In the signal processing arena, it is generally accepted that the airways is not a perfect medium. Thus, it is usually taken for granted that when a signal is sent from a source node to a destination node, some noise and distortion will be injected into the source signal. Because noise and distortion are almost invariably introduced, a primary goal of signal processing is to compensate for, or to offset, the noise and distortion so that an exact replica (or a reasonably close replica) of the source signal can be reconstructed. To accomplish this goal, filters and equalizers are often implemented at the destination node. It is often the case that the distortion caused by a communications channel is not constant but rather varies over time. To compensate for this varying distortion, adaptive filters are typically used. In adaptive filters, the tap weights or coefficients of the filter are continuously updated to compensate for the varying amounts of distortion. Several types of adaptive filters are currently known in the art, including transversal adaptive filters. The adaptive filters currently known are effective when applied in situations where all portions of a signal are captured by a single receiver.
While in many applications, a signal can be captured and processed by a single receiver, there are applications in which a signal is only partially captured by each of a plurality of receivers. All of the receivers combined capture the entire signal but each individual receiver receives only a portion of the signal. An example of such a situation is one in which a source signal has a bandwidth of 40 MHz and the signal is captured (with some frequency overlap) by two receivers, each receiver having a receiving bandwidth of 22 MHz to capture approximately one half of the signal. The multichannel processing of wide band signals involves different techniques and considerations than for single-channel processing of signals.

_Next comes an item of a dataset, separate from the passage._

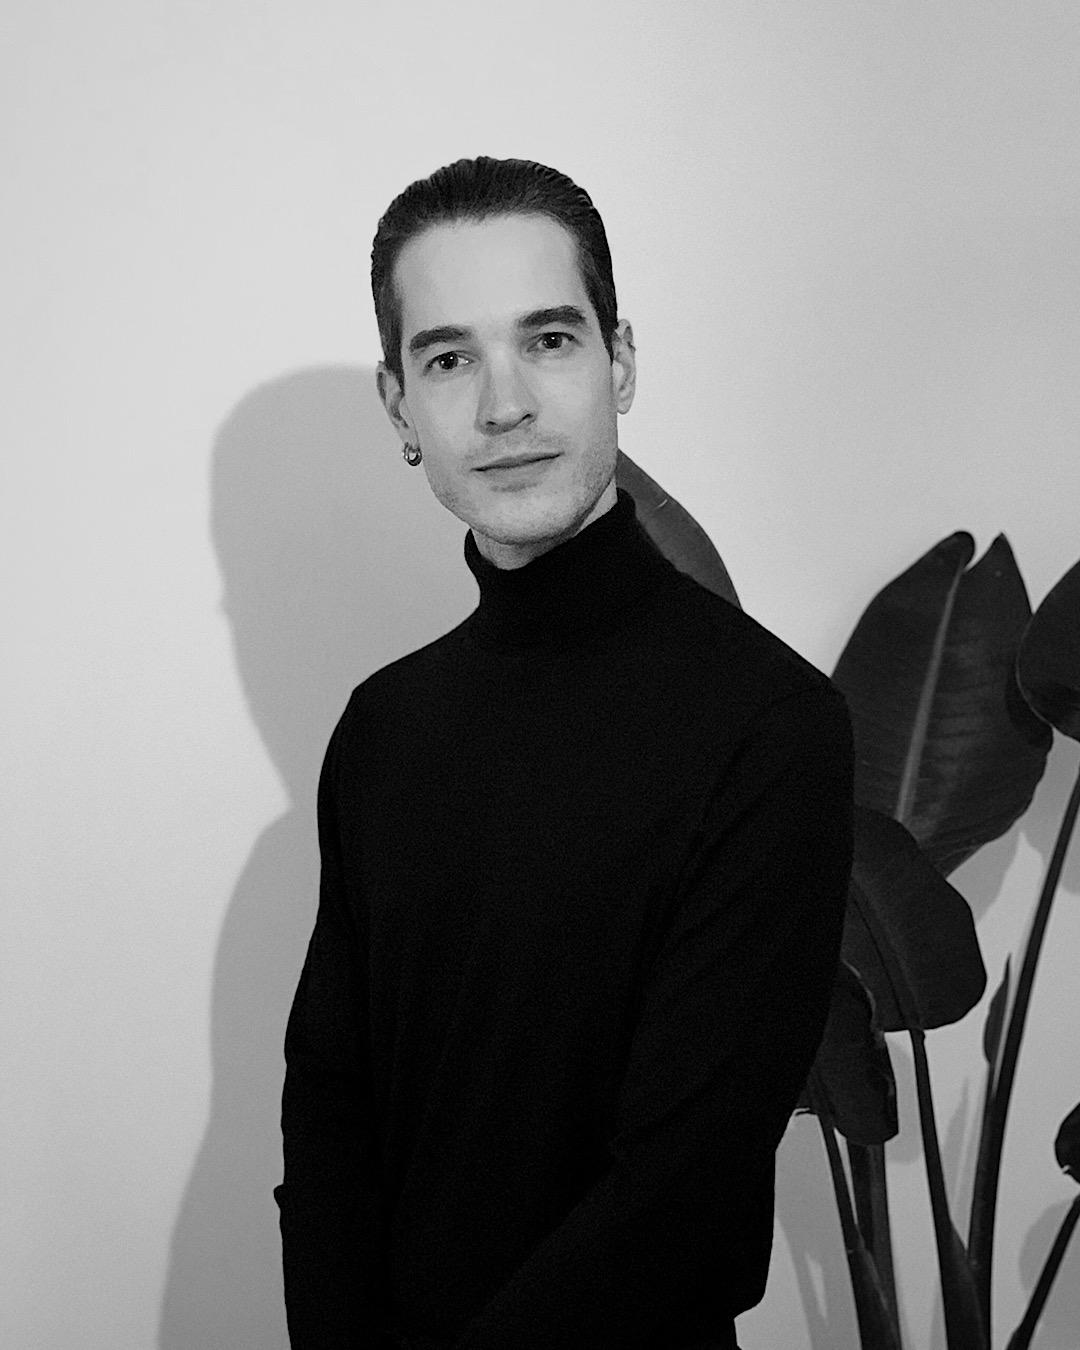 Manuel Hebel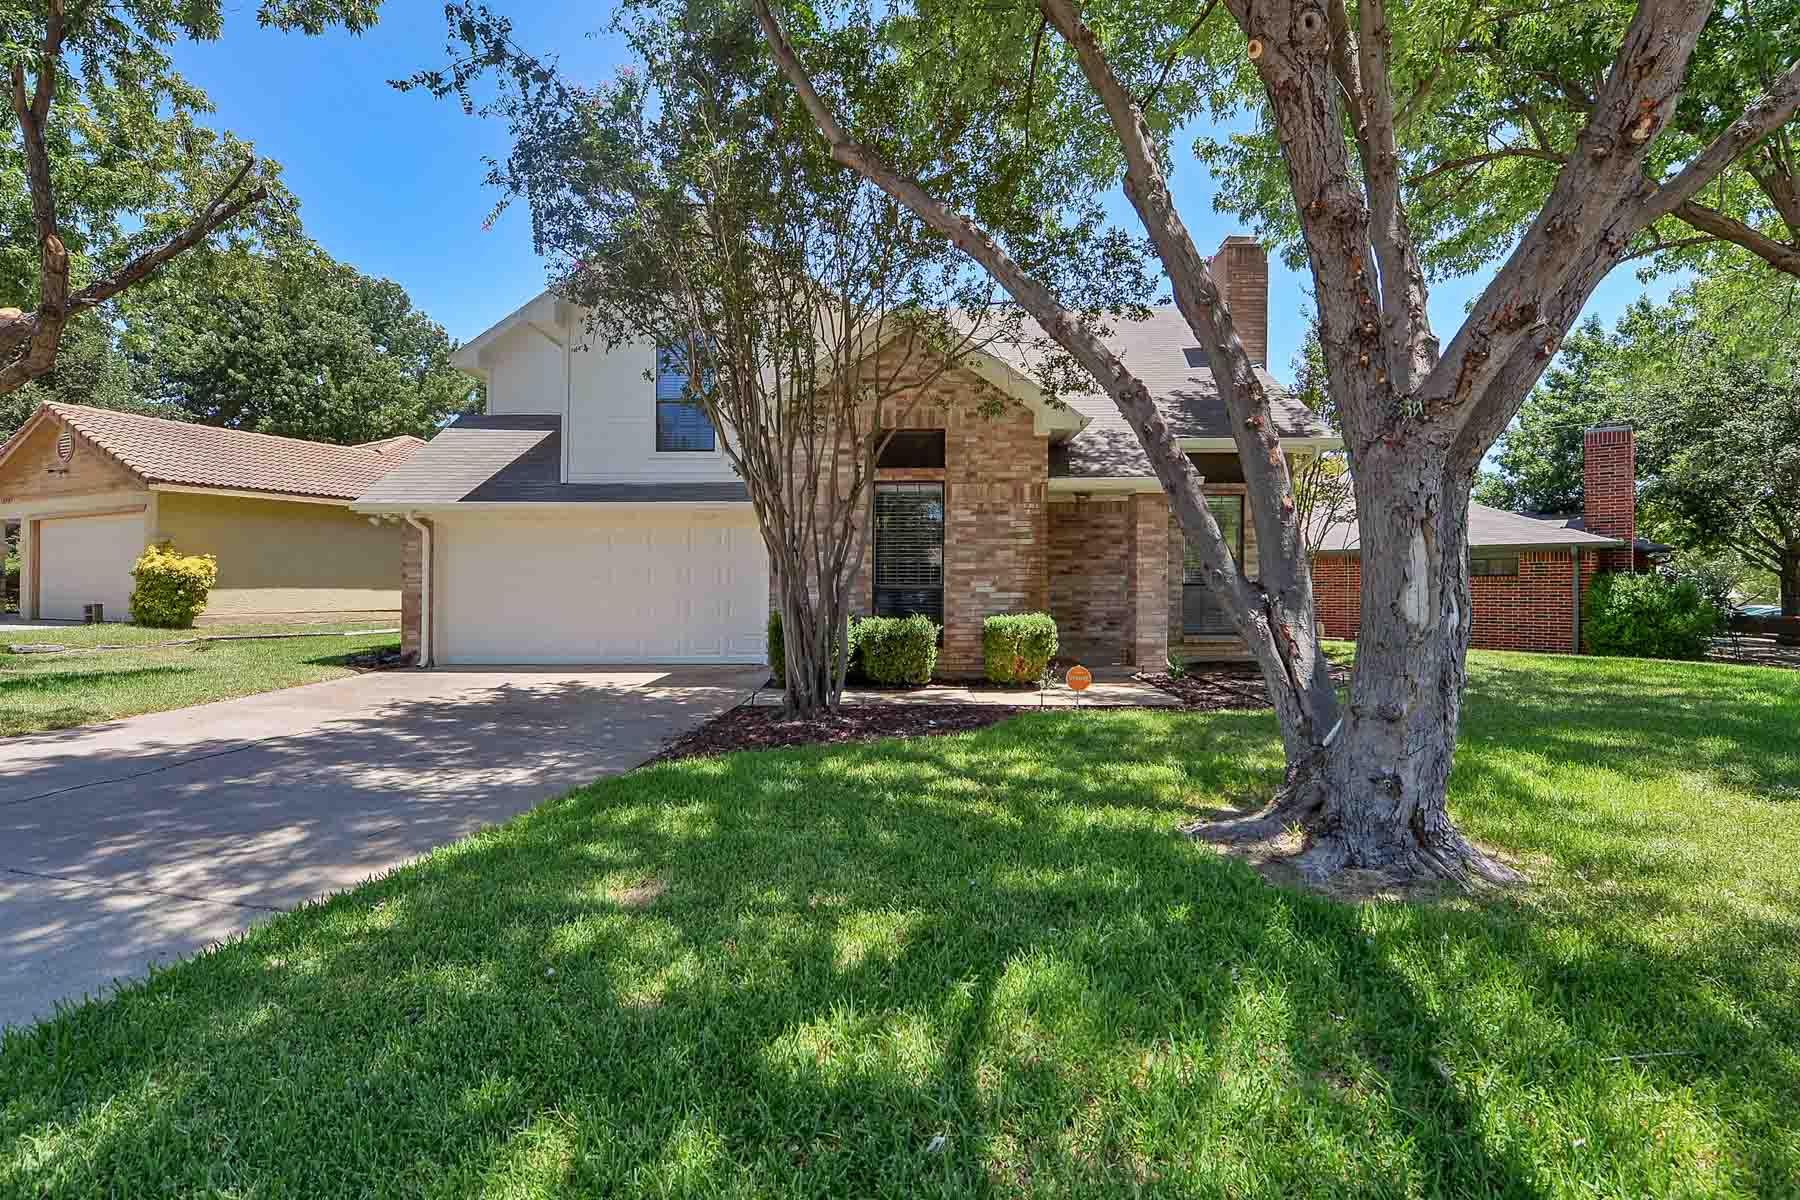 Casa Unifamiliar por un Venta en Martin H.S. Traditional 5731 Sterling Green Trl. Arlington, Texas, 76017 Estados Unidos

Currently, two well known techniques are used for multichannel processing. The first technique involves the use of a multichannel adaptive filter. In this technique, different portions of the source signal are received by different receivers and the outputs of these receivers are summed to provide a reconstructed signal. This reconstructed signal is then passed through an adaptive filter to remove at least some of the distortion imposed by the various receivers or channels. The signal at the output of the filter is compared to a reference signal to derive an error component, and using this error component, the tap weights in the adaptive filter are modified so as to reduce the error component. This technique is adequate for some applications, but it has a significant drawback in that it is not robust. If the outputs of the various receivers are somehow time-delayed with respect to each other (as they may be if the receivers are separated from each other by a large distance), or if any of the receiver outputs are offset in frequency even by a small amount, this method cannot reconstruct a reasonable replica of the original source signal. Because this technique is relatively intolerant to equipment and implementation variations, its utility is limited.
An alternative technique for processing multichannel signals involves the use of quadrature mirror filters. According to this technique, the outputs of the various receivers are carefully filtered using quadrature mirror filters, thereby ensuring that the signal component from each receiver may be upsampled and added to the other to reconstruct the original signal. The filters are not adaptive. Such a technique is described in Crochiere and Rabiner, Multirate Signal Processing, Prentice-Hall, 1983. This technique has the same drawbacks as the one discussed above. Specifically, if the outputs of the receivers are time delayed with respect to one another in an unpredictable or variable manner, or if the outputs of the receivers have experienced an unknown offset in frequency, this technique cannot successfully reconstruct the original signal.
As discussed above, the techniques currently used for processing multichannel signals do not provide satisfactory results. A more robust method and system capable of tolerating variable and larger time delays, frequency offsets, and variable frequency overlaps is needed.